With respect to the open access policy, the whole collection and the archive is open to use without any requirement of registration or fee. Furthermore, both local and international researchers’ demands are met with the consideration of the copyright standards.

In addition to the high resolution images of the items in the collection, digitalSSM provides the user with related information, such as the artist, date, size, material, techniques, location and the previous owner. The users of the site are also given the option to add images, that they would like to re-examine in the future, to their favourites.
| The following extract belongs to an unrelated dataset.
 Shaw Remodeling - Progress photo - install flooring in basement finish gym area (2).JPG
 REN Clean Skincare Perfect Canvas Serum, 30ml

The most comprehensive content in the platform belongs to The Arts of the Book and Calligraphy Collection, and high resolution images, which enable the viewer to study all the pieces in the collection, page by page, are featured along with related academic researches. To name a few; the Koran edition, which reflects the style of the famous court gilder Kara Memi, of the Suleiman I era (1520–1566); the sole edition of the Koran inscribed by Bayezid II's (1481–1512) heir Şehzade Korkud; and the Koran edition that was inscribed by the famous calligrapher Hafız Osman in 1682 are to be found in digitalSSM's collection.

www.digitalssm.org

==Restaurant==
Since 2005, the award-winning Turkish restaurant Changa has a branch "Müzedechanga" at the museum. Managed by chef Peter Gordon, the venue won Wallpaper* magazine's 2007 award for best-designed restaurant.